§ What you will do
All the lines below need to be output exactly, apart from any images.

§ Available data

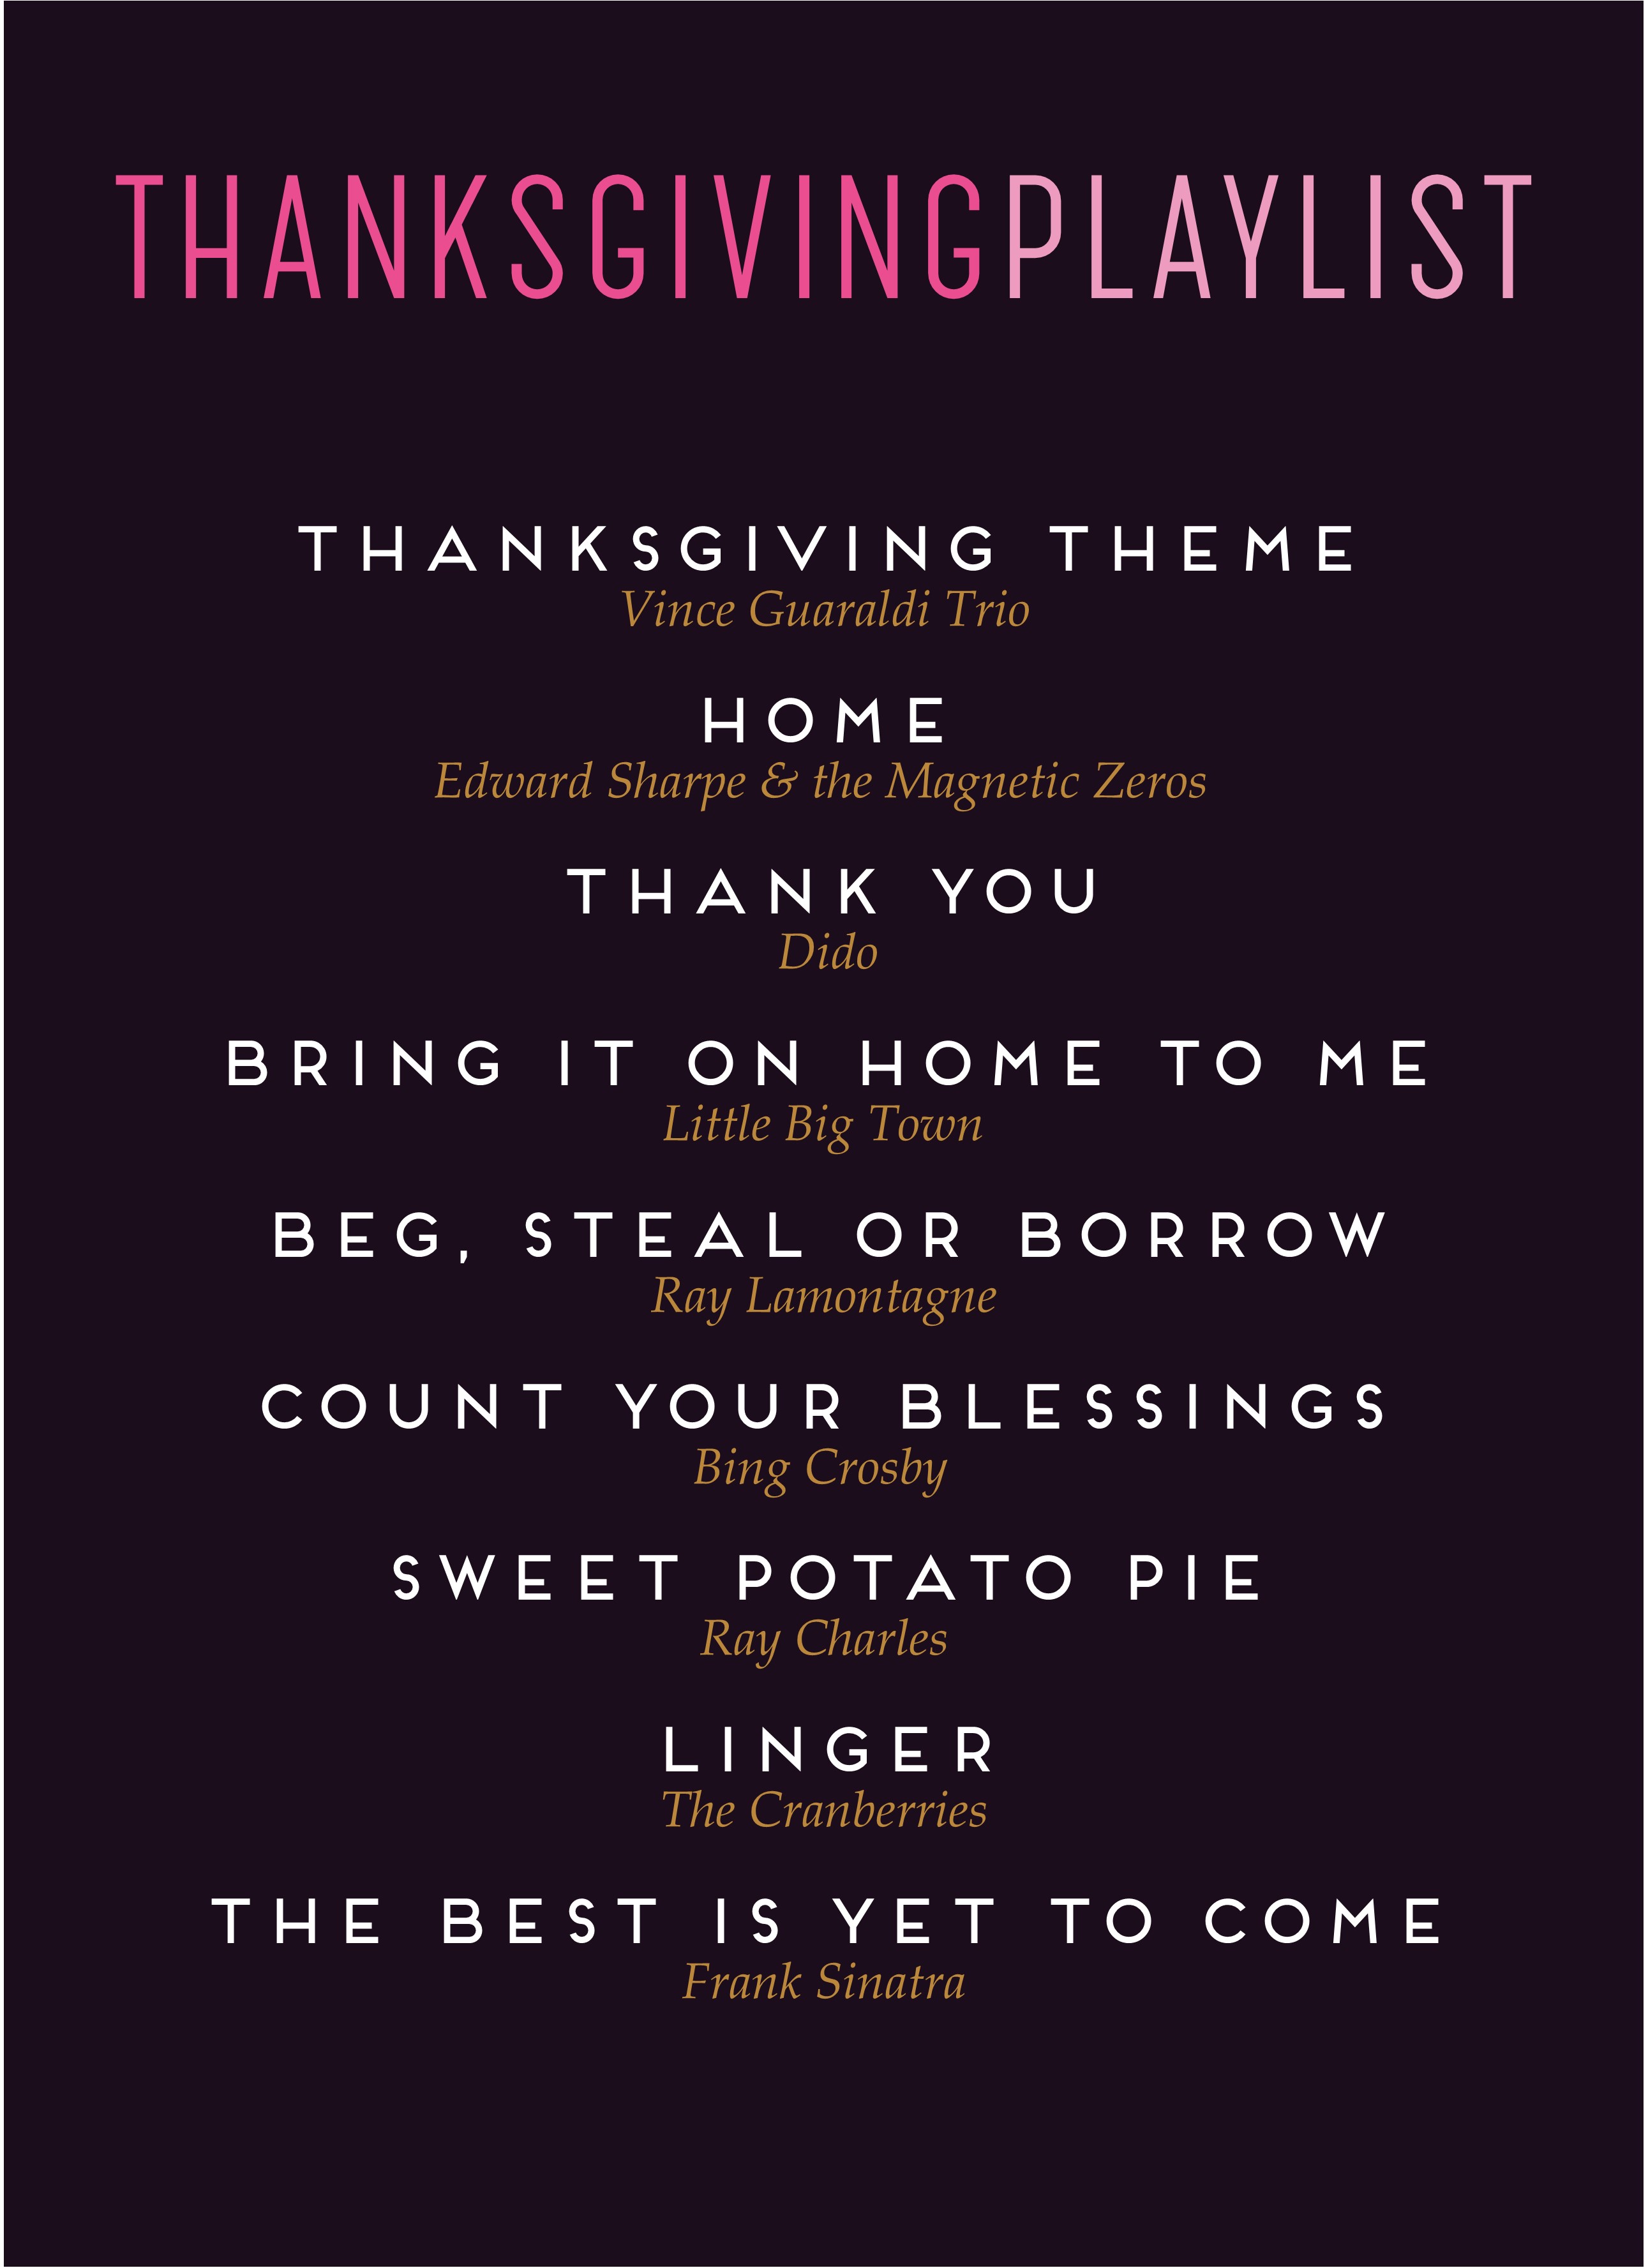 Thanksgiving Playlist
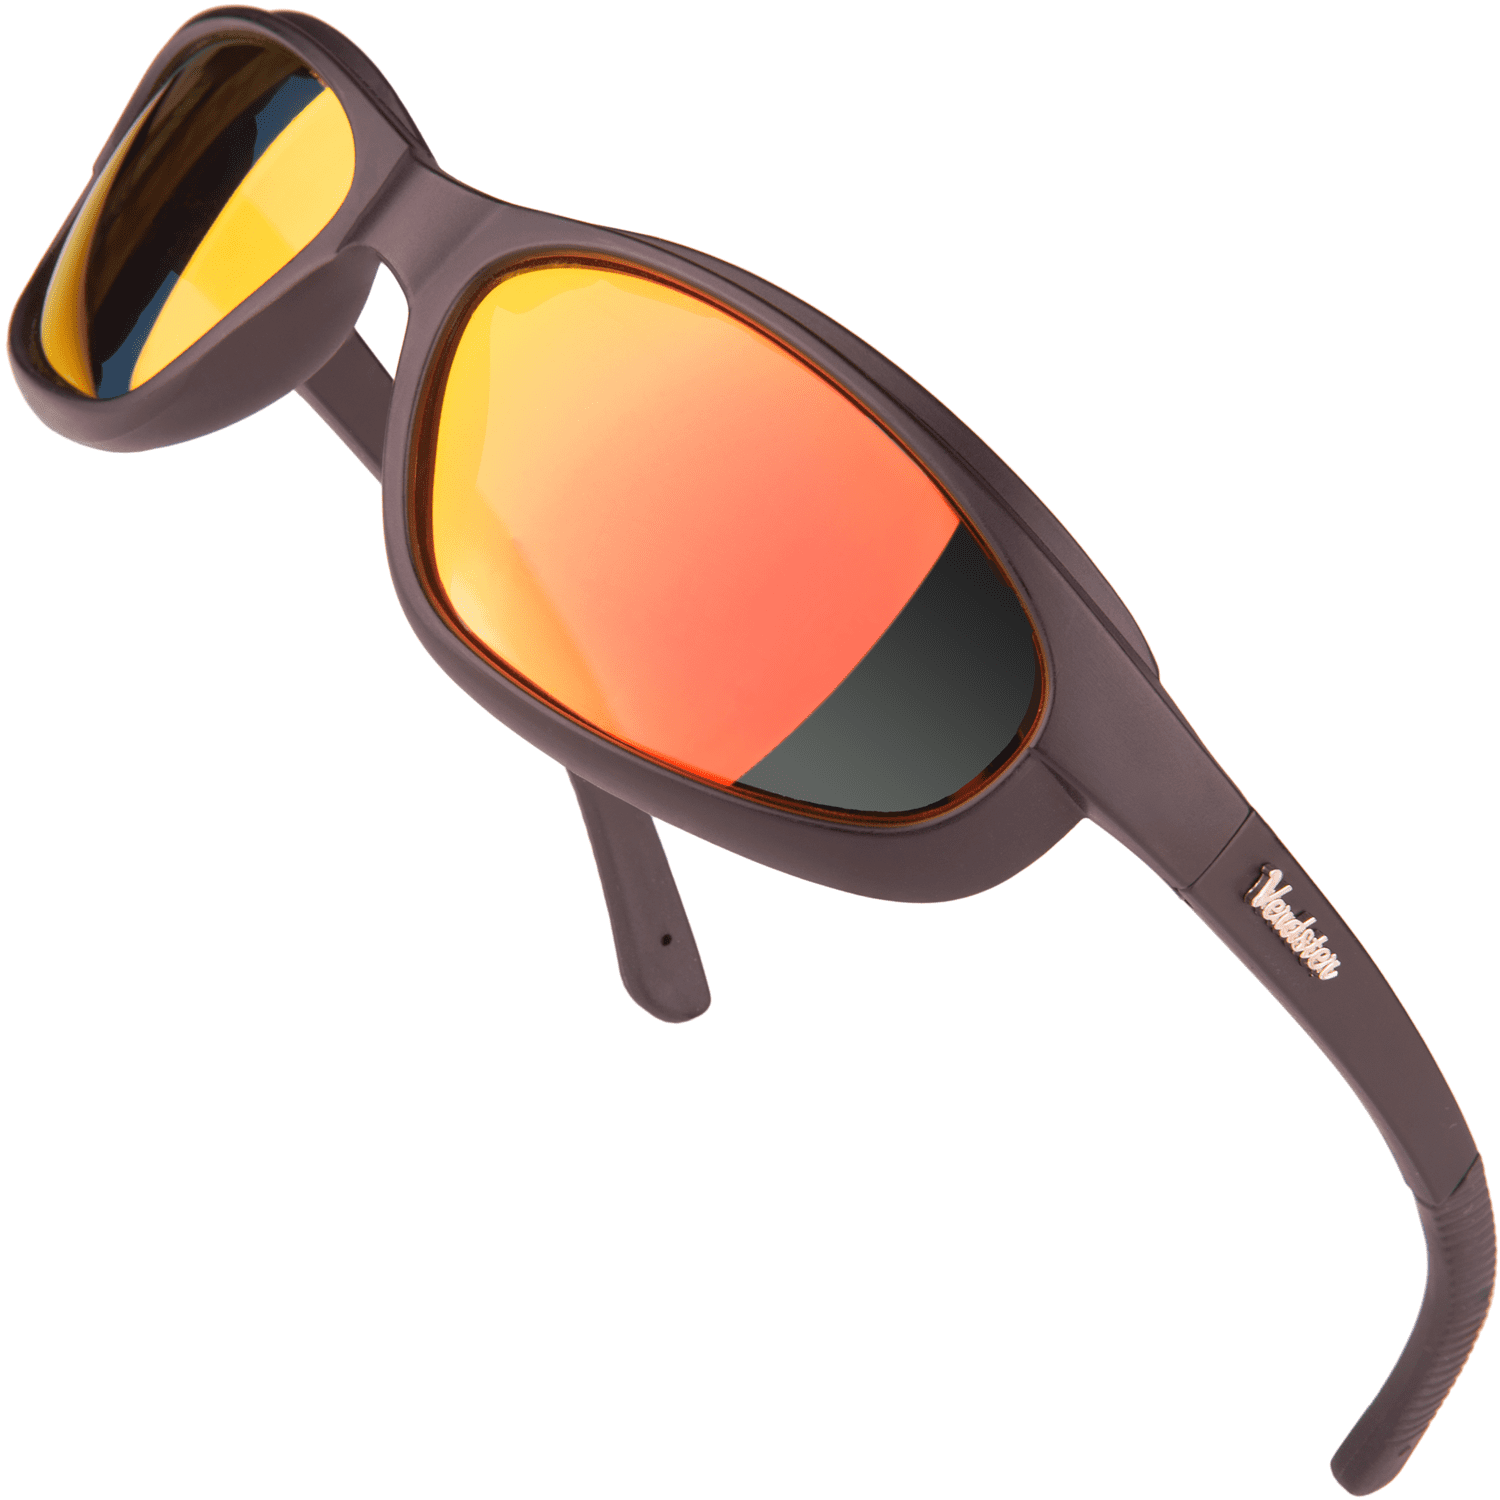 Men /& Women Verdster Airdam Classic Polarized Sunglasses For Motorcycle /& ATV
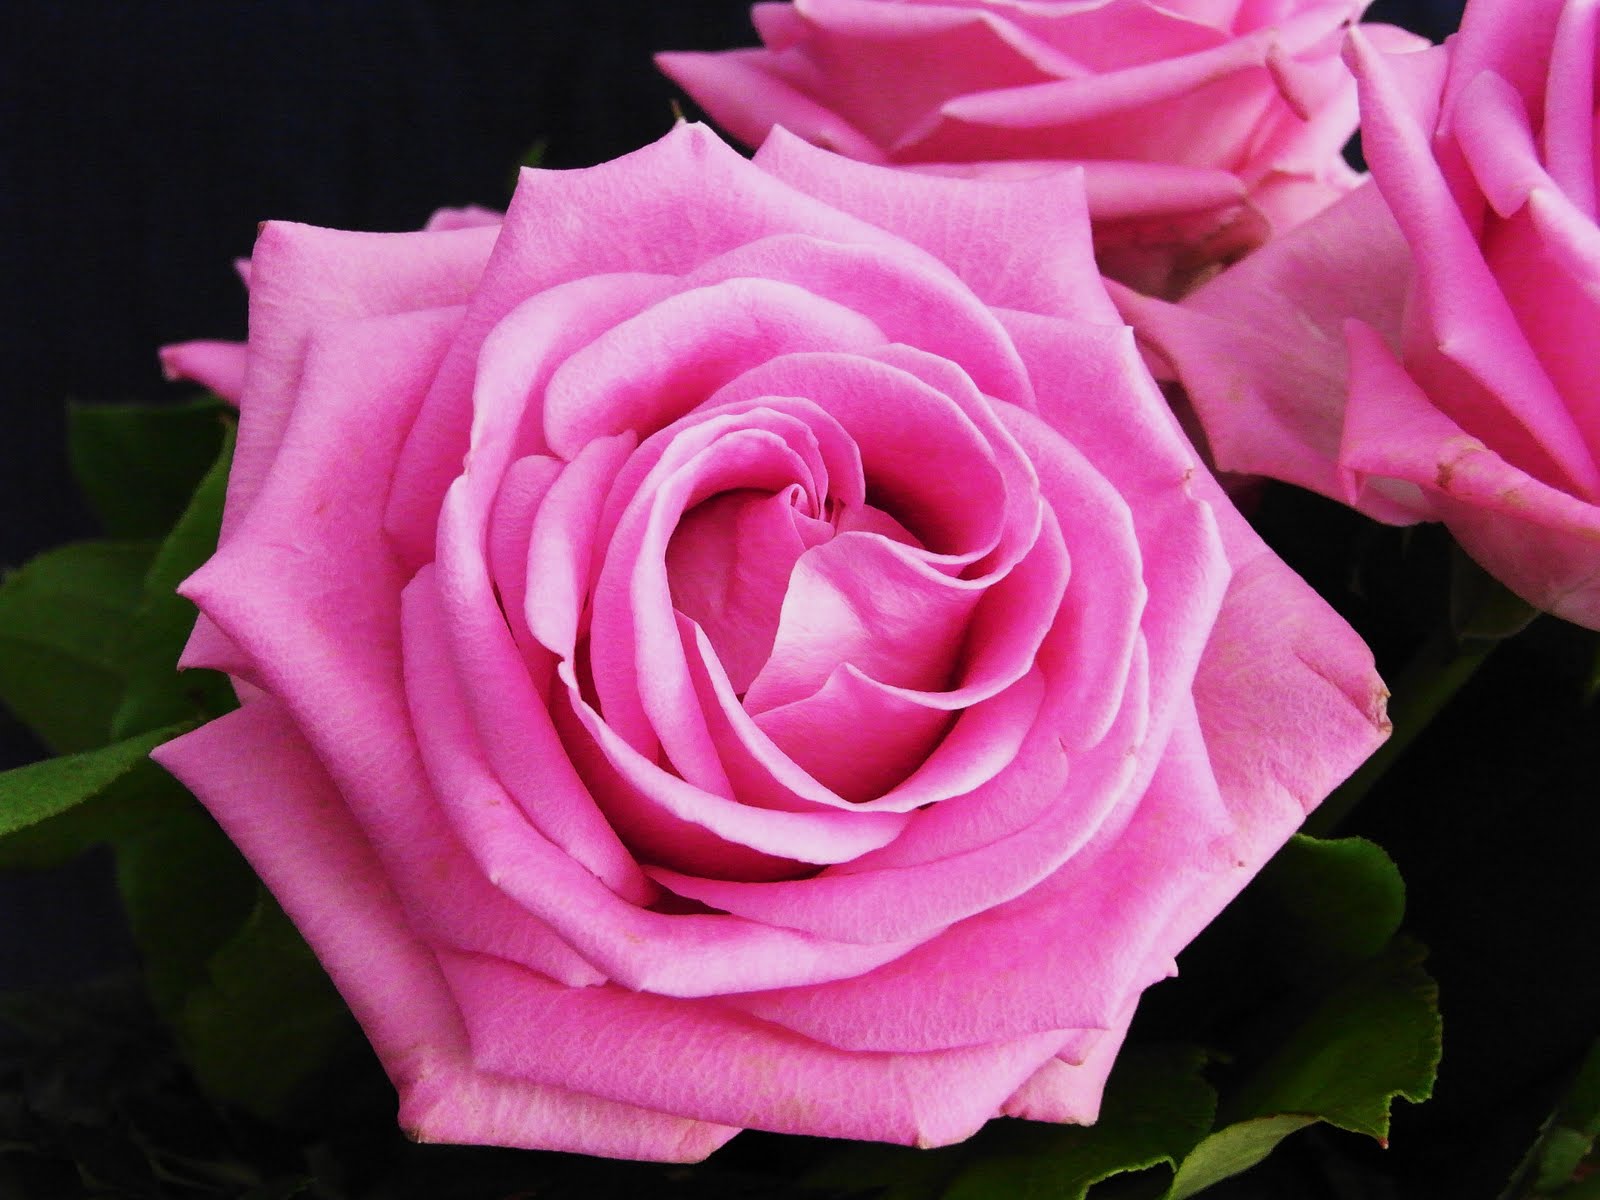 Rose (Rosa): National Flower of Slovakia

§ Solution for this task
 Thanksgiving Playlist
 Men /& Women Verdster Airdam Classic Polarized Sunglasses For Motorcycle /& ATV
 Rose (Rosa): National Flower of Slovakia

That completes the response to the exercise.